New Opportunities Abound in Craptastic Economy

Friday, July 24th, 2009

If there is one trite saying I have heard off of the telly enough times to finally believe it is that the Chinese character for “Crisis” is the same character for “Opportunity.” Whenever some feel good, positive thinker lips off about this little factoid I always have the same reaction: a burning desire to pop them in the lip and demand they present academically acceptable citation of that fact. Because, hey! These guys could be gettin’ their thinking from those same losers who tattooed the Chinese character for “Pineapple” above your girlfriend’s coccyx and said it meant “Love” and I just ain’t going in for that. Heck, even if they are right I’ll bet that the ancient Chinese dude who came up with that idea didn’t mean it the way those cheery Ivy League pinheads meant it. He probably meant something like “Crisis = Neighboring Kingdom In Turmoil = Opportunity For Land Grab” not the “Crisis = Lost Your Job = Chance to Learn to Dance” like these wannabe gurus mean it.

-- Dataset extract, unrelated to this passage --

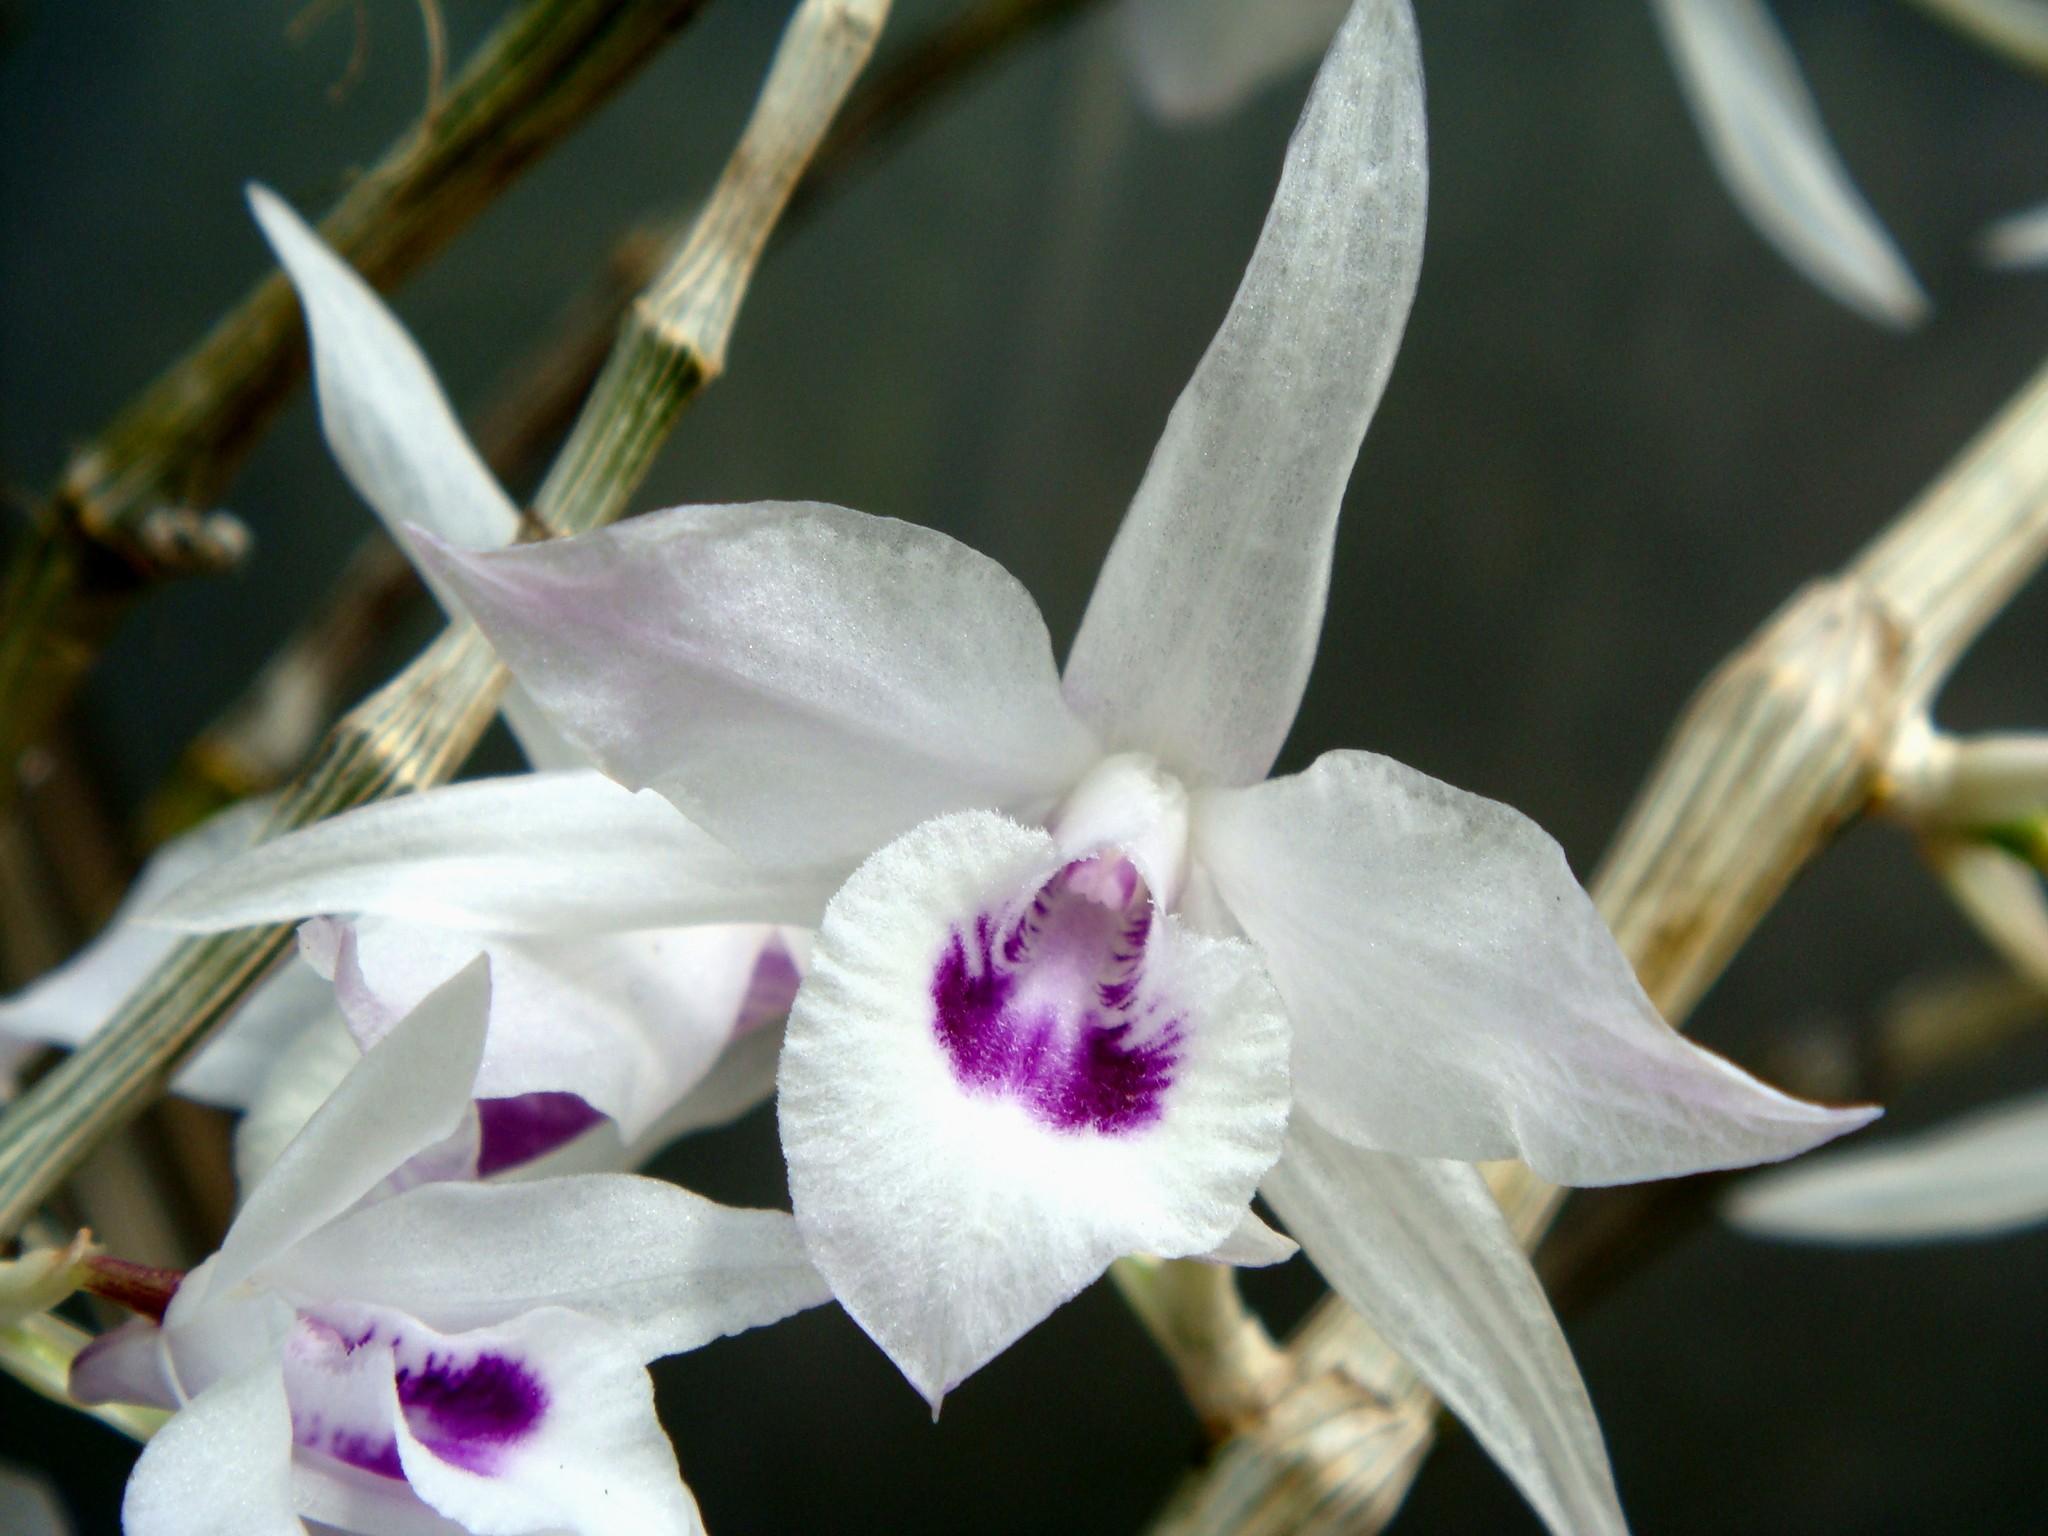 http://orchids.la.coocan.jp/Dendrobium/Dendrobium%20transparens/DSC04761.JPG

But they, and the Chinese, do have a point in that Crisis creates Opportunity. And a huge economic crisis creates huge money making opportunities. Just look at the huge fortunes won by companies during the Civil War when they were able to gorge themselves on big government contracts for military supplies and cheap western land. People were so scared about a war they didn’t even look twice at what they were paying out or what they were buying. Or look at the Trump family, a family that used the Great Depression to build crappy slums for poor people on the Federal nickel and make themselves ridiculously wealthy. The ridiculous battle cry of needing to help poor people was taken up so strongly that it didn’t even matter if poor people were being helped or not and a killing was made!

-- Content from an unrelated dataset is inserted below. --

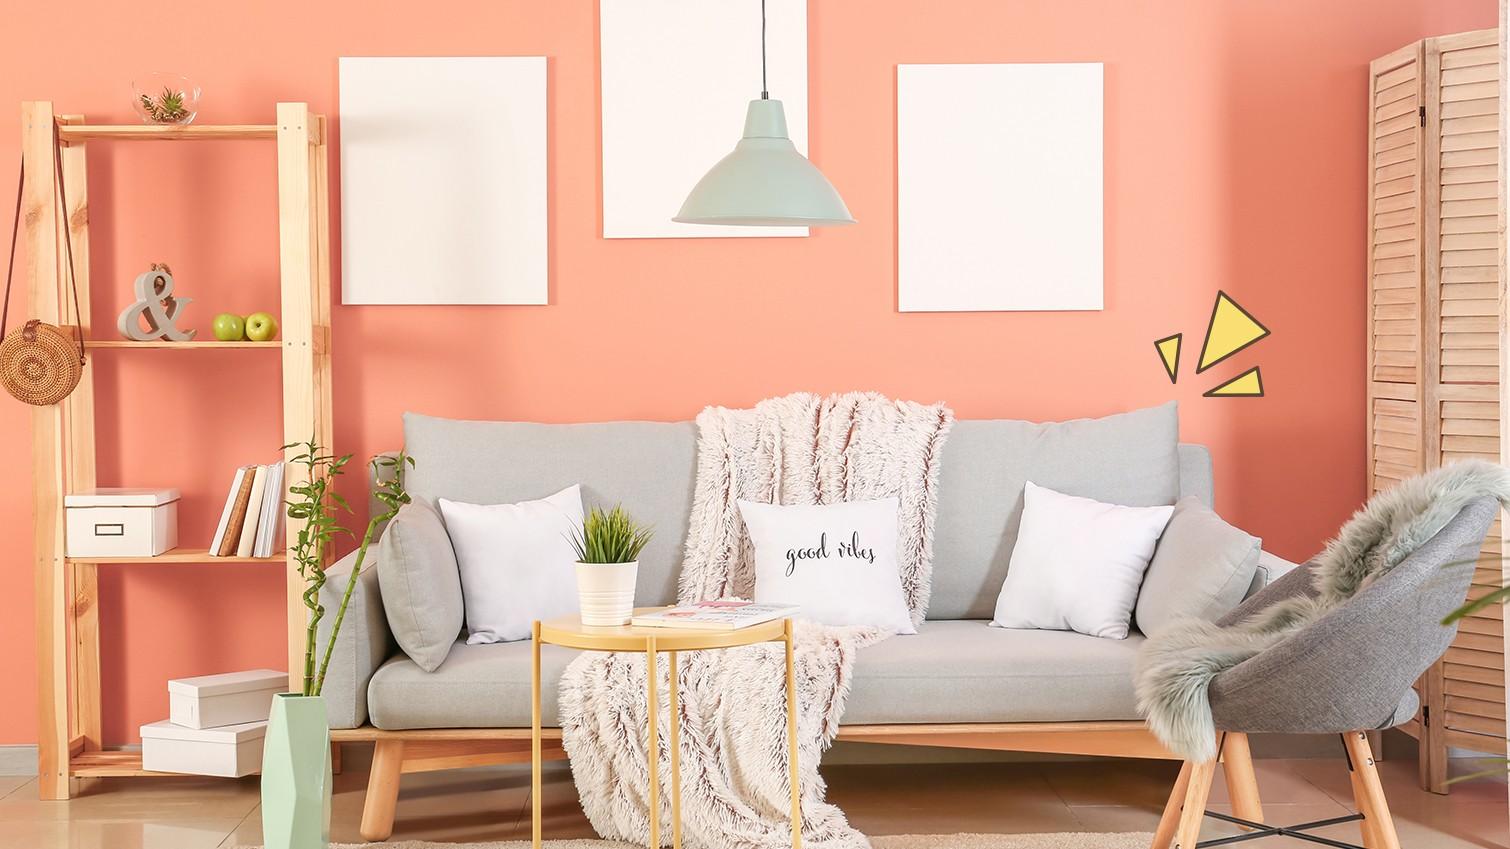 Inspirasi Cat  Dinding Bikin  Rumah  Adem  property145
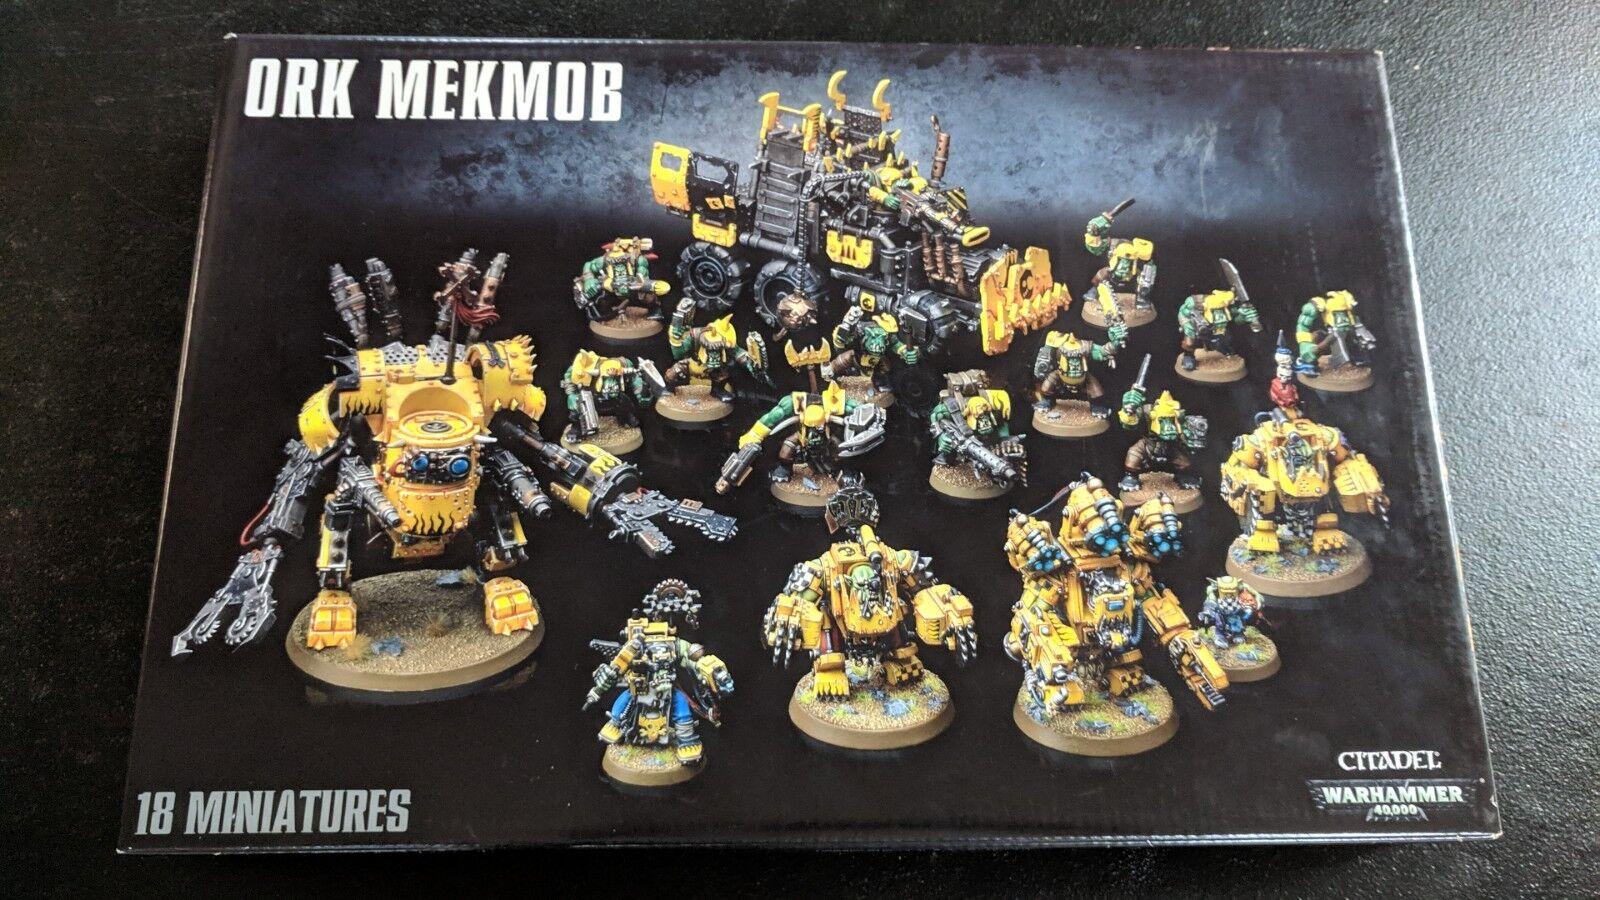 Ork Mekmob  Warhammer 40K Near Mint SEALED  all'ingrosso economico e di alta qualità

Thankfully do to the willfully ignorant economic leadership of the last eighteen years we now have a great big money making opportunity for those of us willing to cash in on it.
The problem is I just don’t know what scheme fits our current economic crisis.
I mean I understand the principles of it all: let others be the lemmings running from one sure thing to another always trying to avoid crisis and instead find out where the cash is no one else is looking for, go buy low and sell high, plan for the recovery, present false hope to get somebody else to take the risk (preferably your neighbors through the purse strings of the government), and make sure the little guy always gets screwed even as you claim to be helping him.
So what areas do I apply these principles to? Health care seems like it would be the obvious one being the field EVERYONE is obsessed with right now, but I just can’t see myself wearing a lab coat, even to help con a congressman into writing me into a rider. Maybe getting into Housing, trying to grab up some MacMansions that are stinking up the books of some bank and try to time it right for a rebound.
Oh, I know! Community Organizing! I will organize communities around how they can game the system to build wealth off of recurring economic crises! That’ll be sure to get me Medal of Freedom Award.